Here are some recent pictures of Brady and Dugan. The boys really seem to enjoy having each other around They love to wrestle and play together.

Nap time









Happy Brady









tug a toy









Snoozing boy


----------



## mintchip (Apr 19, 2007)

They are adorable!
Great photos!


----------



## Sissygirl (Aug 8, 2007)

Awe Karen, those are really cute pics!


----------



## gelbergirl (Jun 9, 2007)

Glad to see they are best buds !


----------



## Diana (Oct 23, 2007)

Karen, 
Very cute photos! Brady does look so happy to have his little brother


----------



## marb42 (Oct 19, 2008)

Karen, they are so, so cute together! I'm so glad to hear they're best buds. I love the "Happy Brady" and "Naptime" pictures the best.
Gina


----------



## irishnproud2b (Jan 13, 2009)

Awww...they are sooooooo precious!


----------



## Tritia (Nov 17, 2007)

Great pics! That second one of Brady is one of the cutest pics I've ever seen of him!


----------



## LuvCicero (Mar 31, 2008)

They sure look like a great "fit". That happy Brady is a great picture!!


----------



## Lina (Apr 26, 2007)

Karen, your boys are so cute! I love that picture of Brady too!


----------



## Sheri (Oct 11, 2008)

I agree--Brady really does look "happy" in that picture. It's nice to see them together.


----------



## Mraymo (Oct 30, 2007)

Great pictures. I love the one of Dugan's nose. Glad they're having fun together.


----------



## lfung5 (Jun 30, 2007)

What did Brady do without a little brother? They both look so happy!


----------



## Laurief (Nov 7, 2006)

Who are you kidding Linda???? He went after Freddie!! 
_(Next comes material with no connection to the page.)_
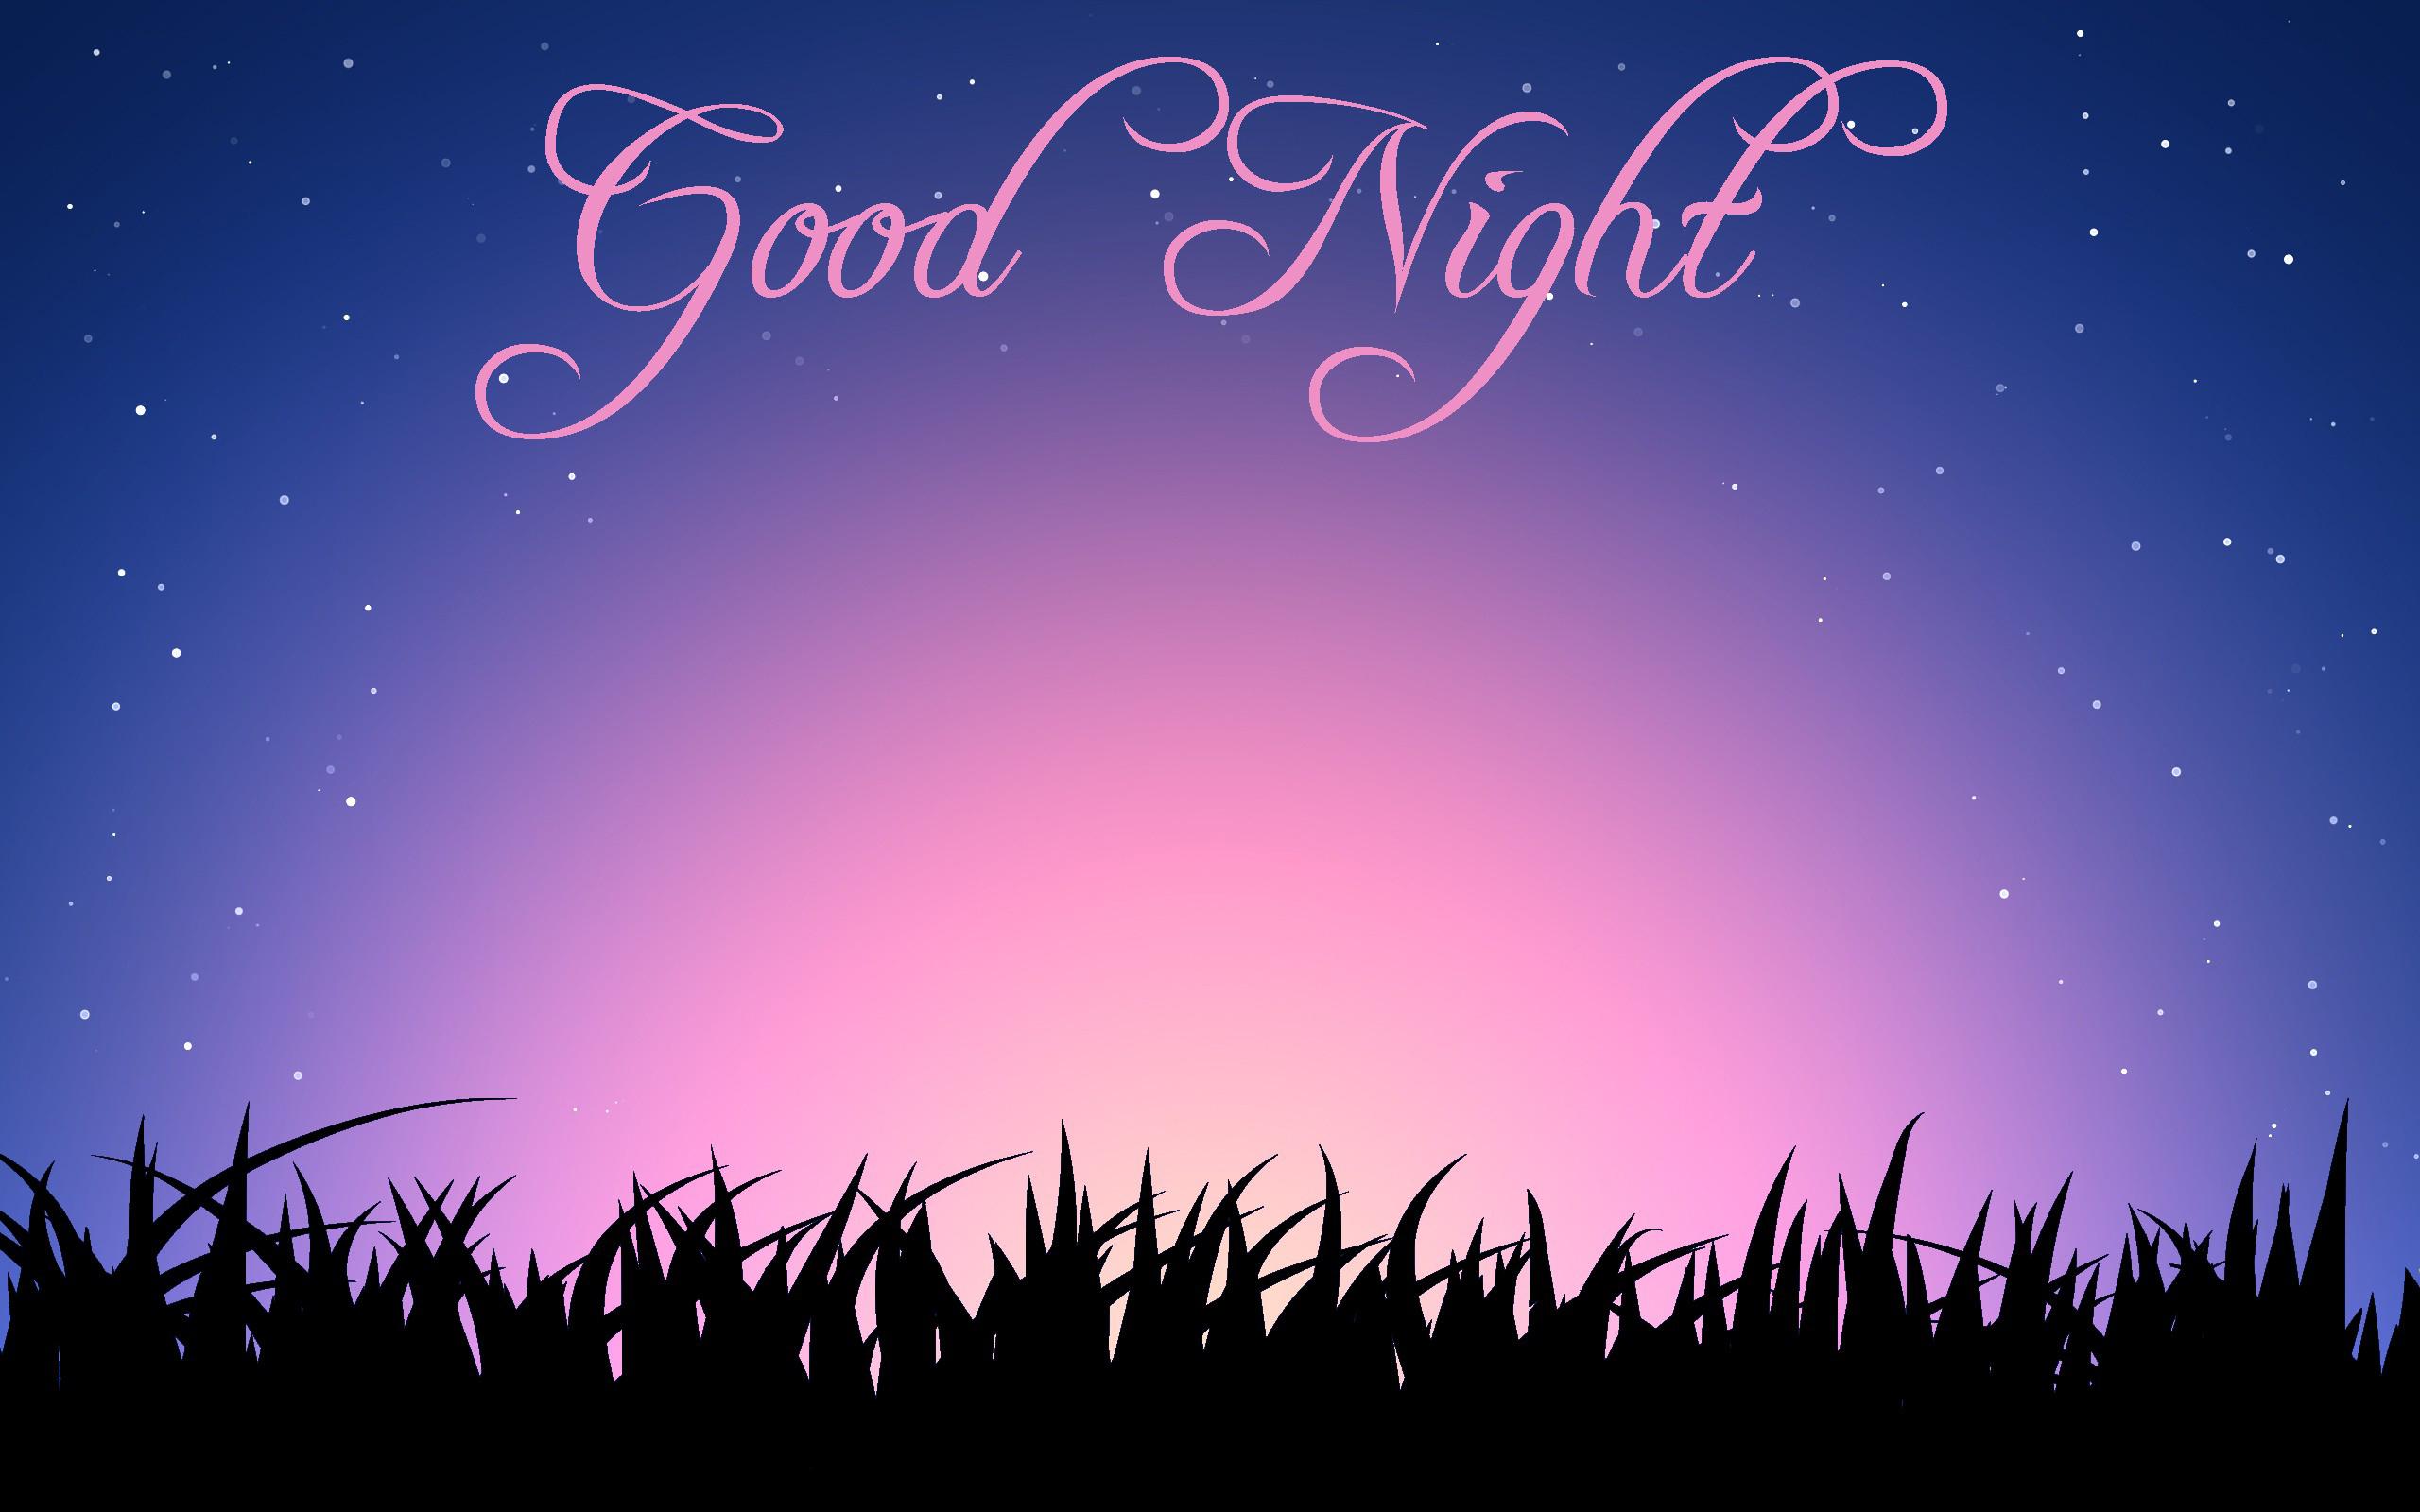 Good Night Wallpapers Good Night Wallpapers Good Night Wallpapers 2560x1600

Love those pictures of my godbaby and lover boy!! 
(Yes Sheri - Dugan is one of my godbabies too)


----------



## maryam187 (Jul 18, 2007)

Thanks for the cute pics Karen, I agree, Brady really looks happy. This forum is so bad for my lingering MHS


----------



## Laurief (Nov 7, 2006)

Maryam, ARe you going to come up for the next playdate? I am told that I am really good at helping people find puppies!!!


----------



## maryam187 (Jul 18, 2007)

Laurief said:


> Maryam, ARe you going to come up for the next playdate? I am told that I am really good at helping people find puppies!!!
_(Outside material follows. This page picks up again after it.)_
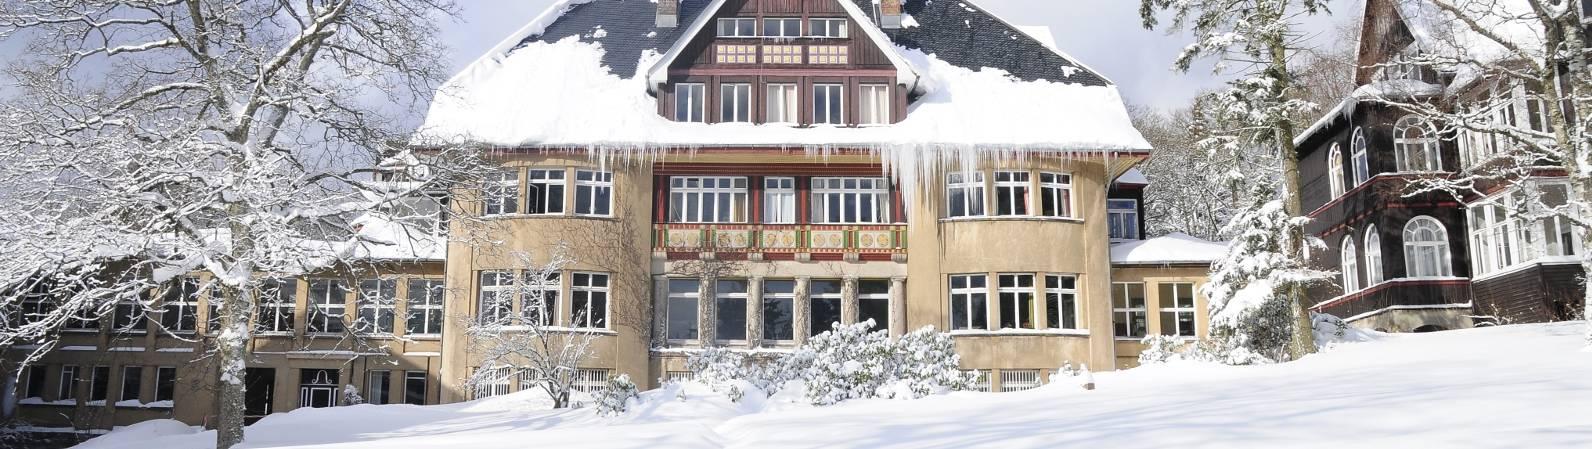 Psychosomatisches Krankenhaus Sanatorium Dr. Barner

Sounds too dangerous, won't come eace:


----------



## Missy (Nov 6, 2006)

oh Karen, Brady looks so happy. And Dugan is a little dollface. And I see you have taken to playing fair. One shot both of them, one shot Brady, One shot both, One shot Dugan. LOL. I do that...I can't seem to post a photo of one of them without feeling I am being unfair to the other.


----------



## pjewel (Apr 11, 2007)

Those are great pictures of the boys. It gets hard to remember what it was like with just one after awhile. They definitely look like they fit well together.

I must admit I love the smiling Brady and the Dugan nose picture, and the tug of war with the toy, and . . . well you get the drift. Fun shots!


----------



## micki2much (Feb 8, 2007)

Karen, they are sooooo cute!!!! I'm so happy to see them so happy. Seamus and Finnegan are just about there too!


----------



## Leeann (Feb 28, 2007)

Great pictures Karn, I cant wait to get my hands on these boys this summer.


----------



## Evye's Mom (Dec 16, 2008)

Adorable little guys. They look like the best of "buds." Soooo sweet.


----------